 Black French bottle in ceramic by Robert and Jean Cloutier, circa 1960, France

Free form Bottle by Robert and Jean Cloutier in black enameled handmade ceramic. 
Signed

...

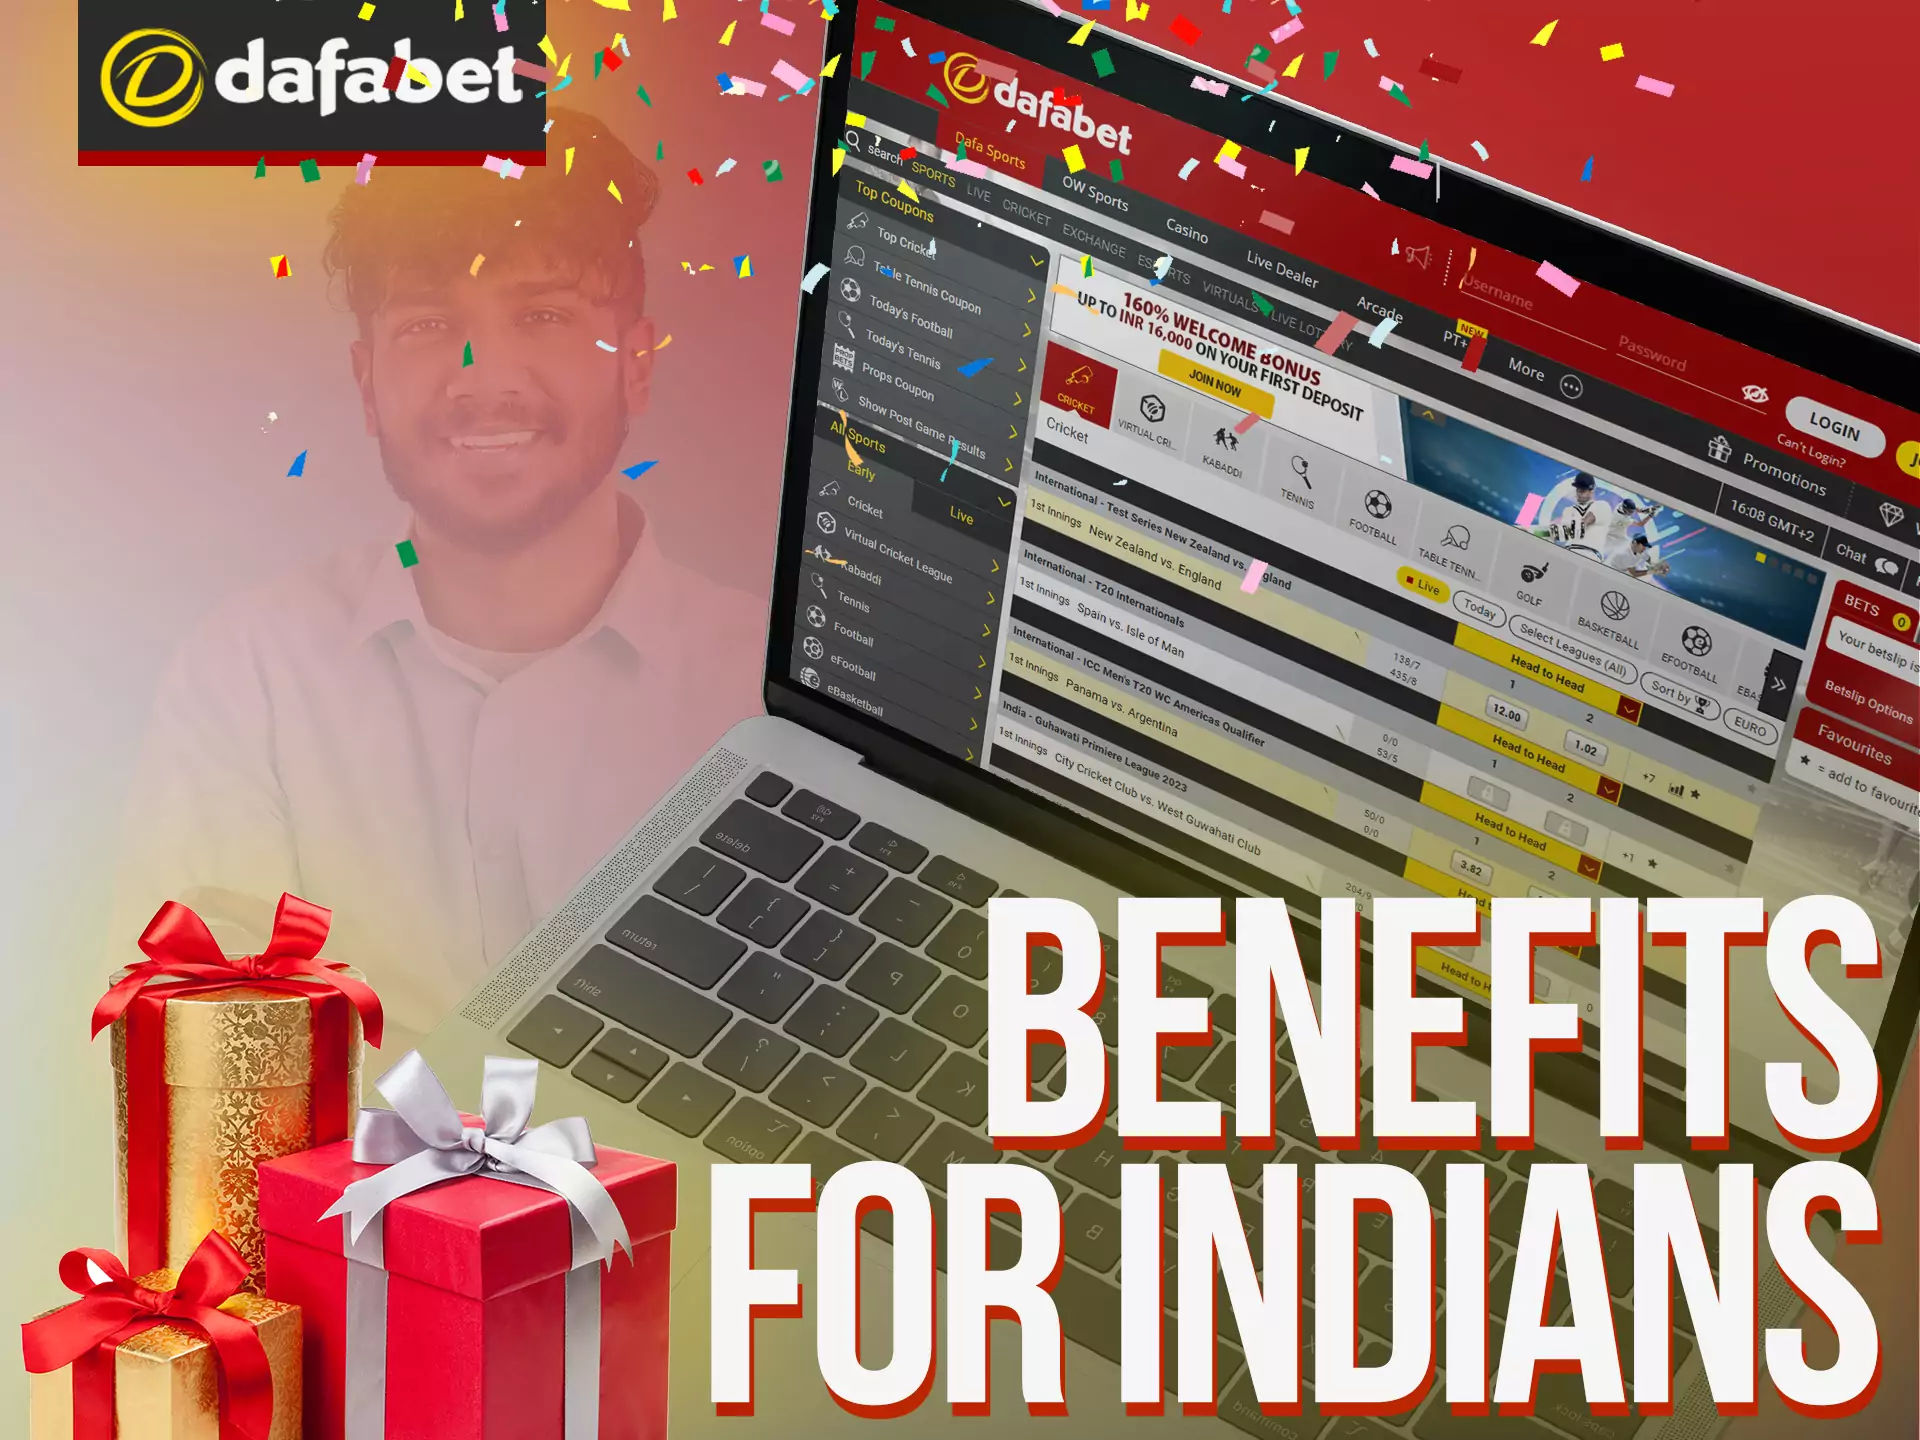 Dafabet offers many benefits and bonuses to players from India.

==

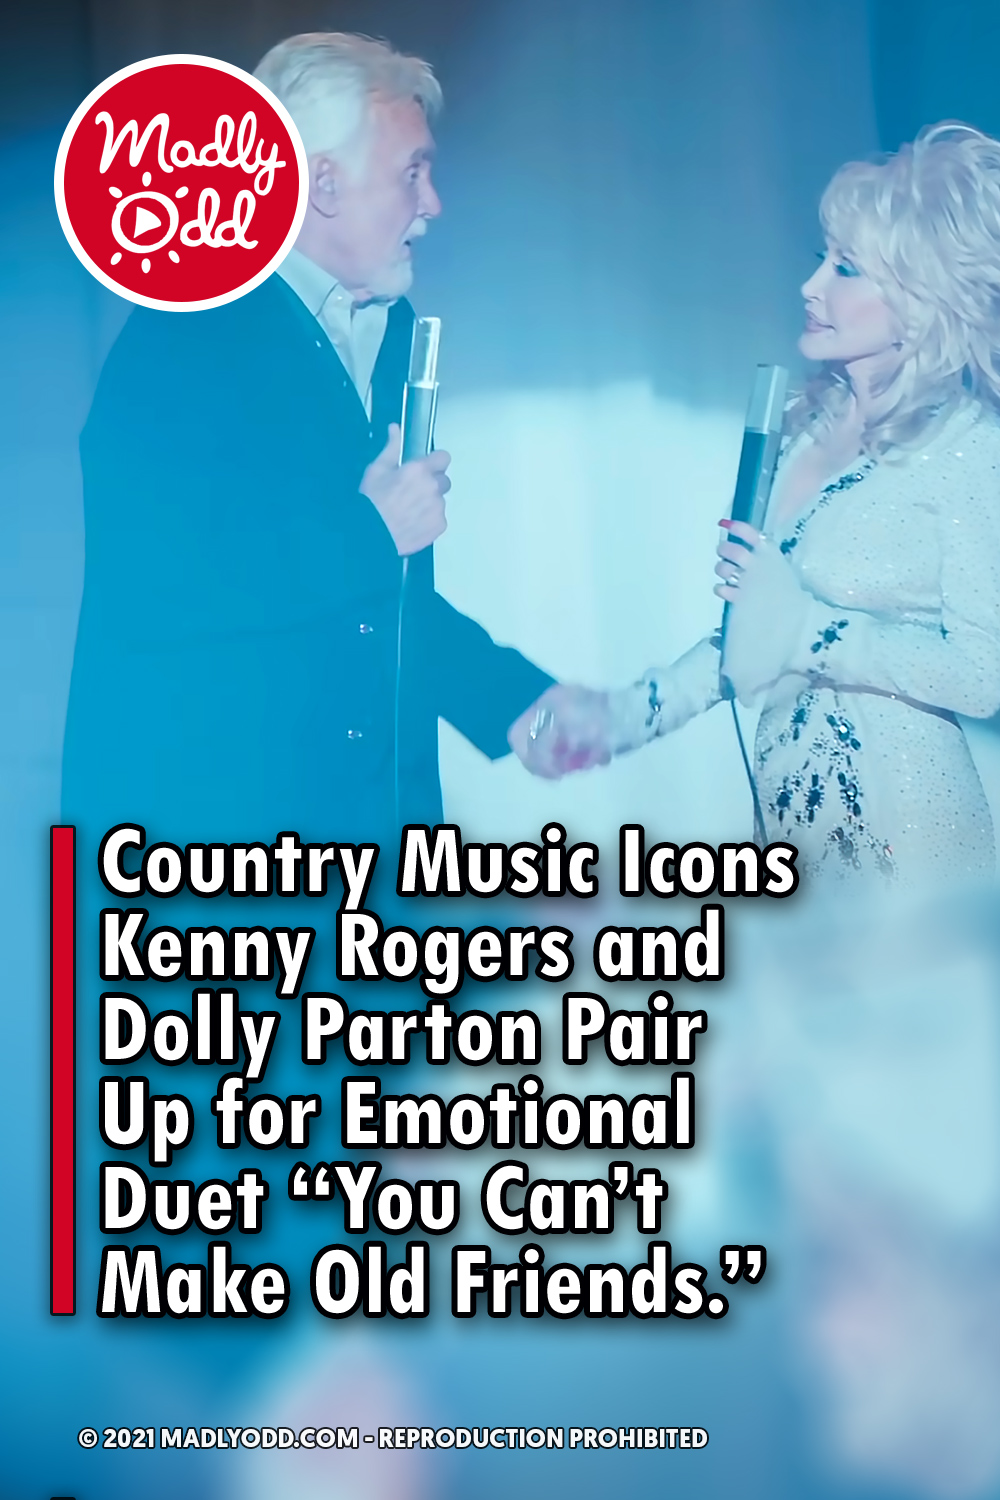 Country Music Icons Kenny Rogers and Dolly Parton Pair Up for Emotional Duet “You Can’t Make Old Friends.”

# Exercise
Your answer must be every line from the listing above that holds the string "Robert".

# Task answer
 Black French bottle in ceramic by Robert and Jean Cloutier, circa 1960, France
Free form Bottle by Robert and Jean Cloutier in black enameled handmade ceramic. 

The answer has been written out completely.